As previously reported, the factors behind China's weakened demand include a weak Chinese Yuan in conjunction with a strong Brazilian real, an increase in domestic beef production reducing the need for imports, and China's lower prices discouraging Brazilian exports to that specific destination.

The combined effect of a weaker yuan (-4% YoY in Sep-23) and stronger real (+6% YoY in Sep-23) against the US dollar resulted in China’s yuan losing 9% of its value in terms of Brazilian real.

In addition, countries offering higher prices are gaining some of China’s share. For example, exports to Chile, which is paying a higher average price than China and only recorded a 3% YoY decline in its Jan-Sep 2023 prices, are increasing.

In the meantime, China’s beef production is increasing, predicted to rise by 4% YoY this 2023 by the United States Department of Agriculture (USDA), reducing the need for imports.

Beside China’s, losses in other countries, including Egypt, Indonesia, and Israel, managed to more-than-offset gains in other countries, such as Chile, Russia, and Saudi Arabia.


Source: Brazil’s Ministry of Industry, Foreign Trade, and Services; Tridge


Source: Brazil’s Ministry of Industry, Foreign Trade, and Services; Tridge

September’s Export Figures Were Better than Expected

In Sept-23, Brazil exported 195 thousand mt of beef in natura (beef excluding derived products), with a total worth of USD 885 million. This volume represents an increase of 5.3% or 9.8 thousand mt month-on-month (MoM), which was better than seasonality-derived expectations. A considerable increase in China – up 17 thousand mt – made up for the export losses to Chile and Egypt. Russia, Hong Kong, and the United States (US) also contributed to the monthly gains. Imports in China got a boost with expectations of increased consumption during the Chinese Golden Week holidays in October.

Meanwhile, the average export price for all countries in September was USD 4.54/kg, up by a slight 0.6% from Aug-23's 31-month low. The average export price to China increased by 2% MoM, slightly better than the total average. Notably, the export price to the US climbed by 9% MoM, underlining solid demand from the US, which has been suffering domestic production losses, as Tridge has previously reported.

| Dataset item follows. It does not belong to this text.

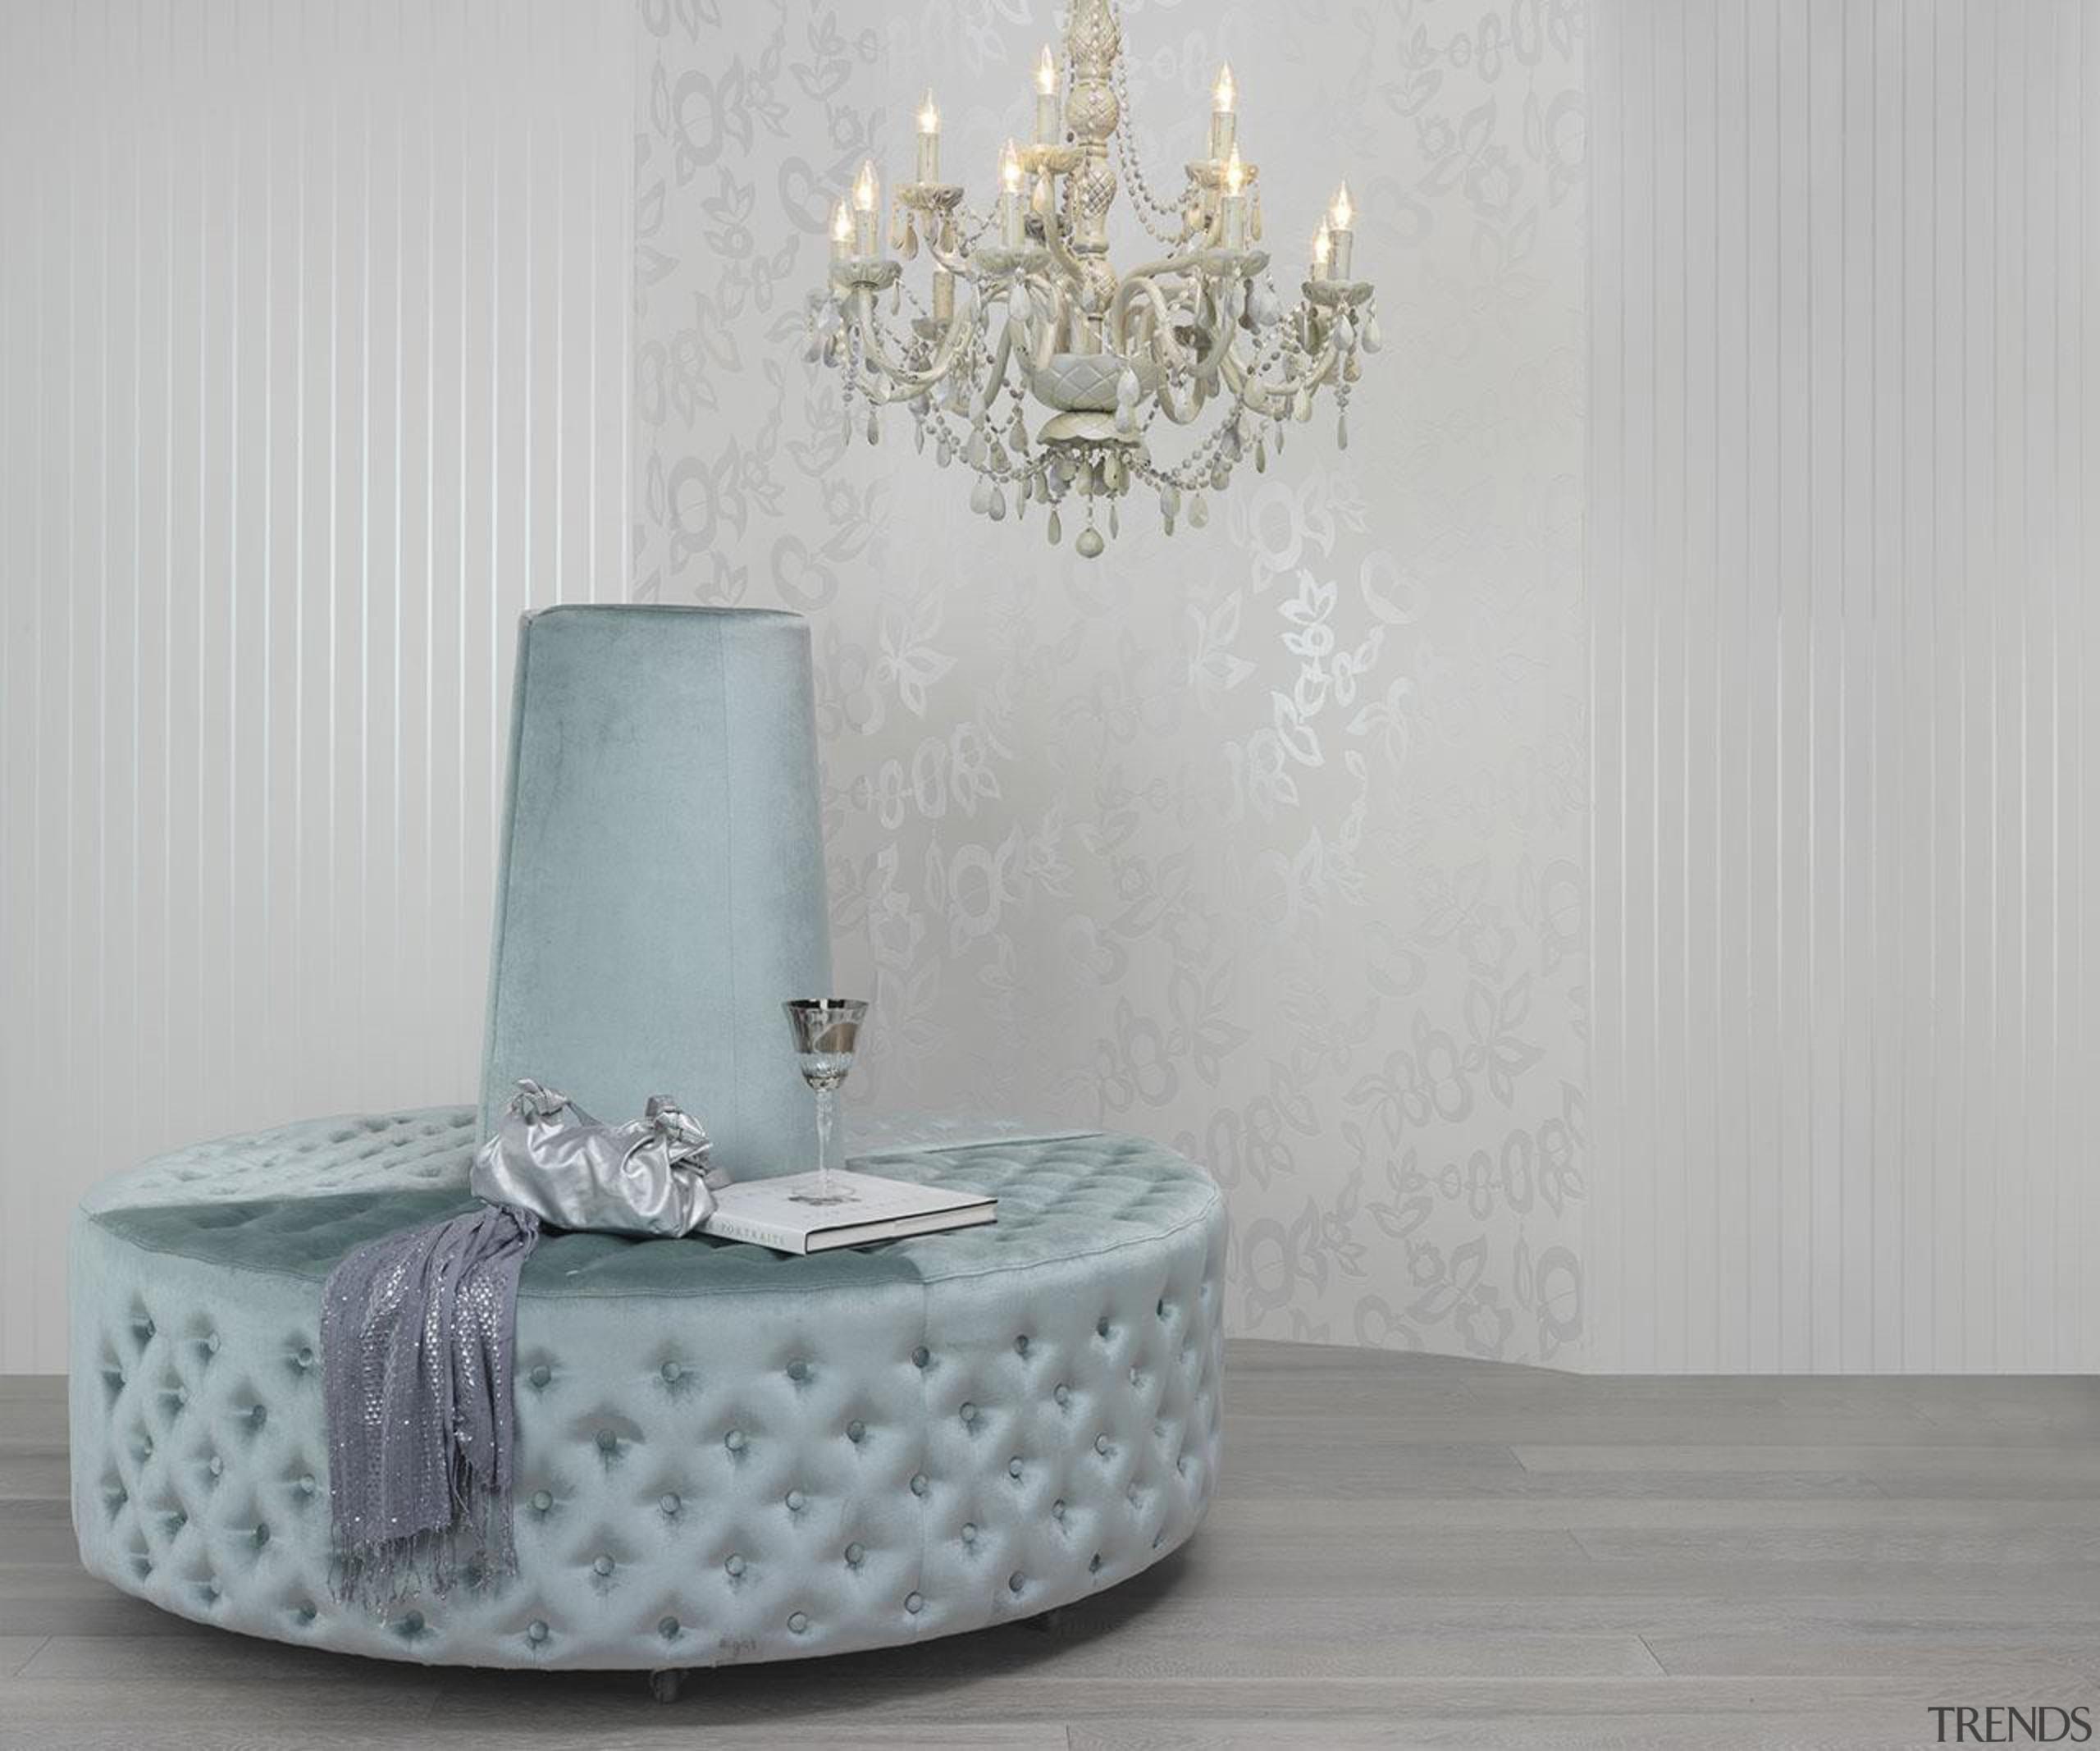 Brocante II Range - Brocante II Range - ceramic, furniture, product, product design, table, gray

Still, while better than expected, the monthly gain wasn’t enough to produce a significant increase compared to last year. In YoY terms, volume fell by 4% or 7.9 thousand mt and value declined by 27% or USD 333 million.

Short-term price outlook. As expected, export prices floored in August as levels were already below the five-year average. The historical trend suggests further downside ahead, but prices aren’t expected to fall significantly below this barrier. On the other hand, while September’s figures were better, fundamentals point to a limited upside derived from ongoing global production growth. Increasing energy prices pressuring producer costs might paint a more bullish panorama for the year’s end.